↓↓↓

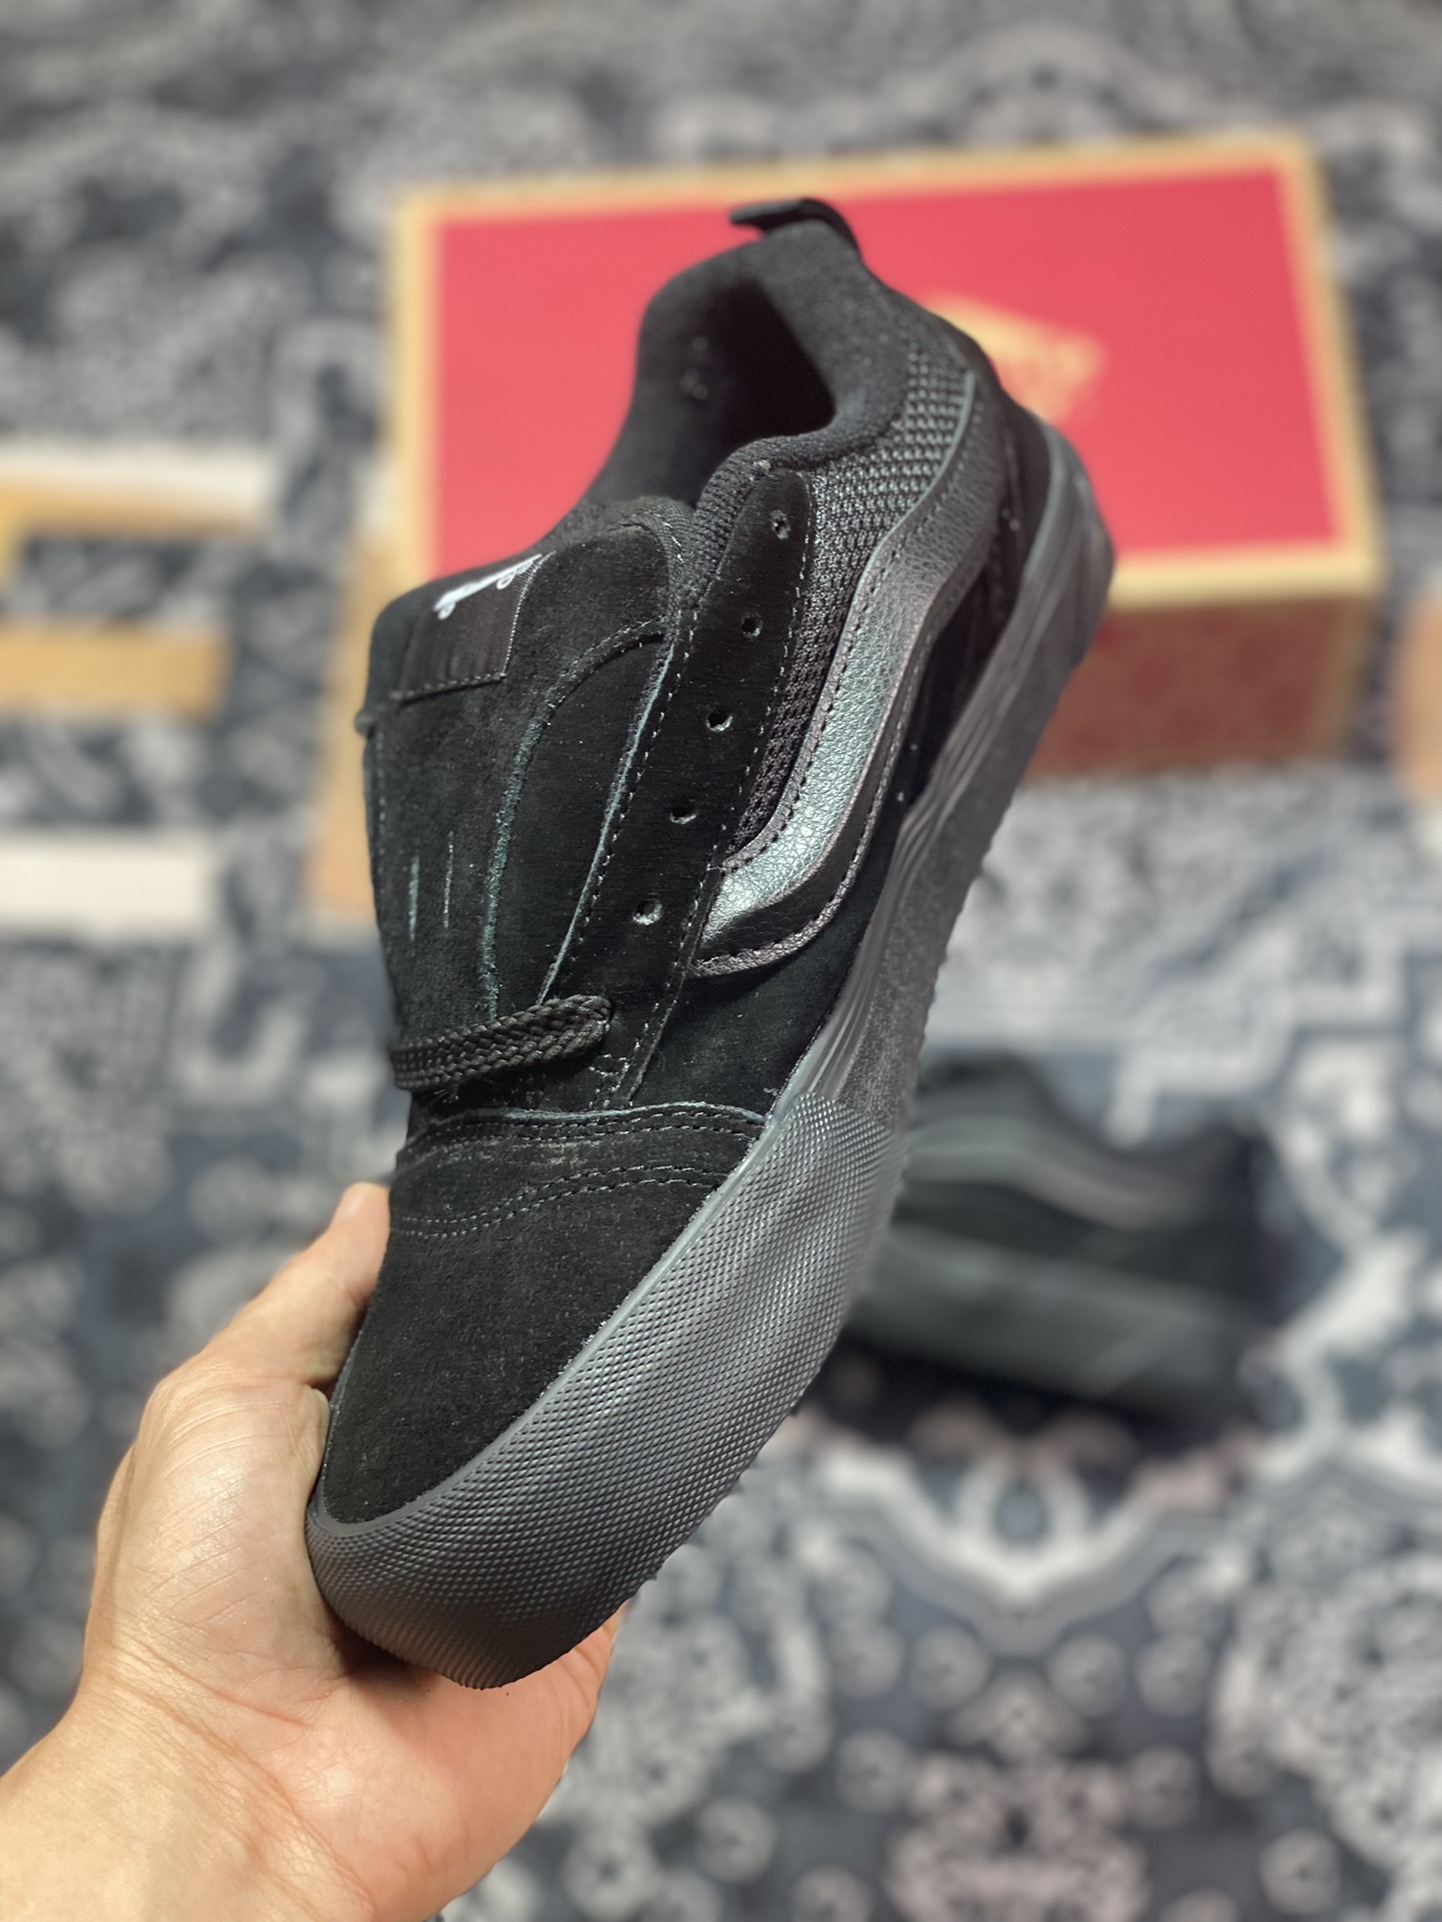 Vans Knu-Skool VR3 LX bread shoes Black Warrior low-top retro casual vulcanized sneakers
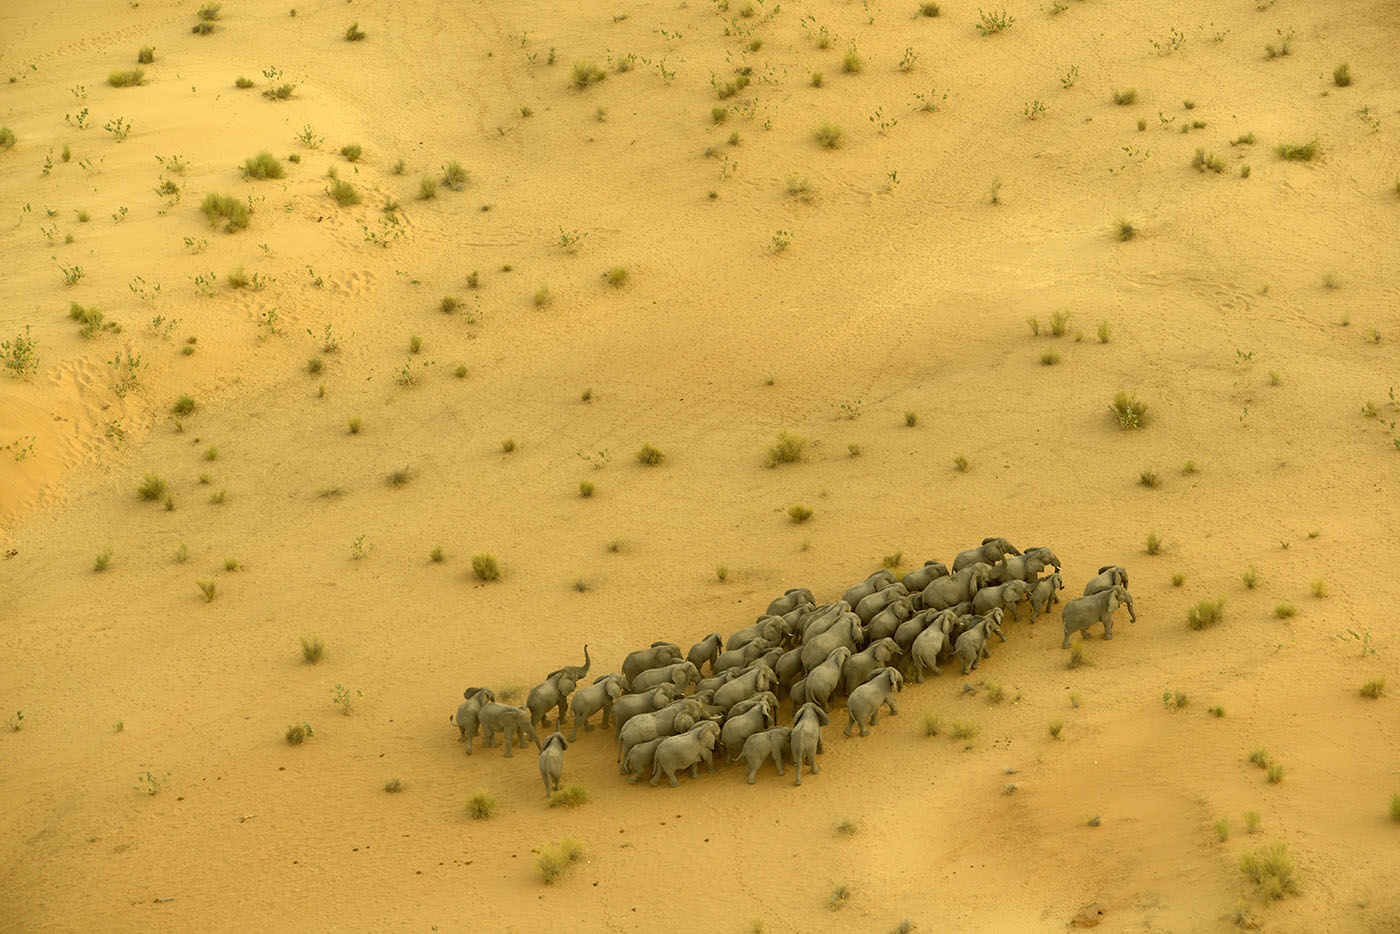 yellow savannah, aerial view of herd of elephants
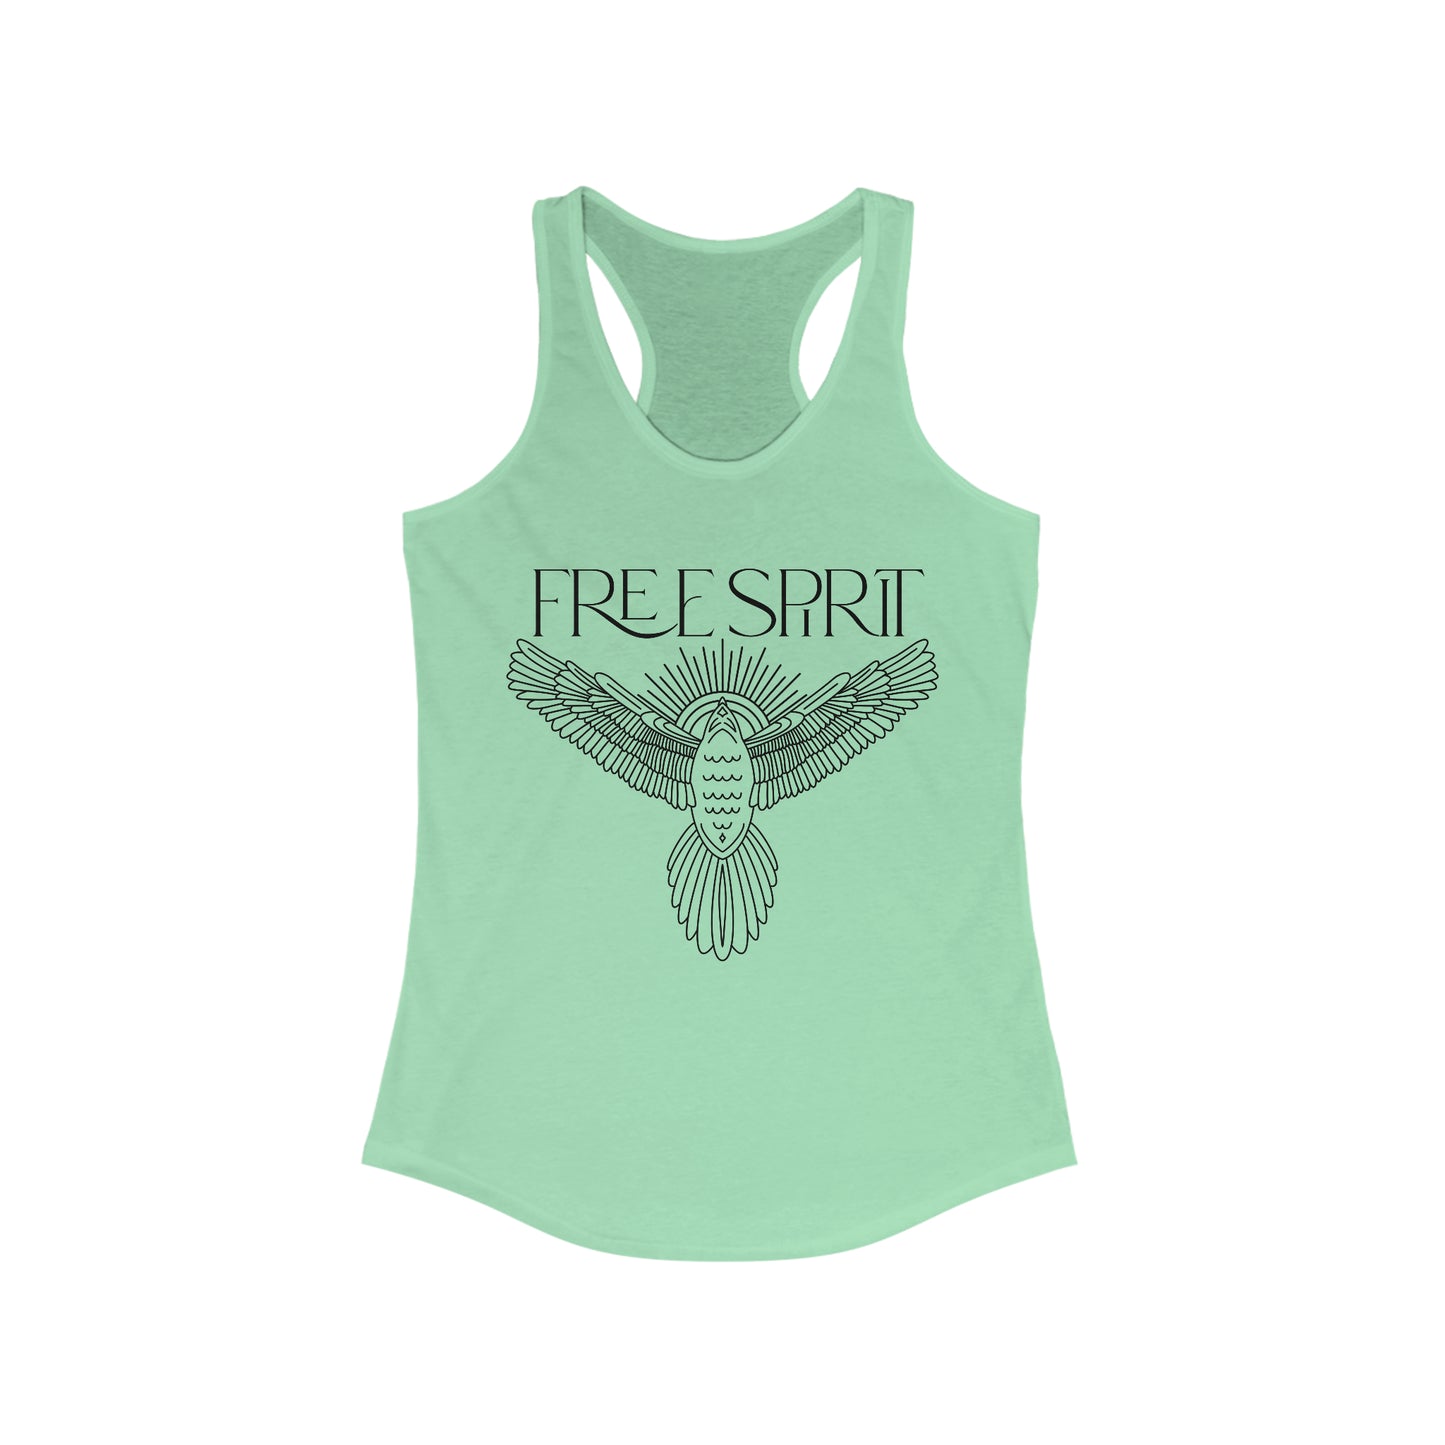 Free Spirit, Women's Racerback Tank

↑↑↑

- [TASK TO COMPLETE]
Only the lines from the one containing "yellow savannah, aerial" through the end of the data above are to be output, exactly and without pictures.

- [SOLUTION TO THIS PROBLEM]
 yellow savannah, aerial view of herd of elephants
 Free Spirit, Women's Racerback Tank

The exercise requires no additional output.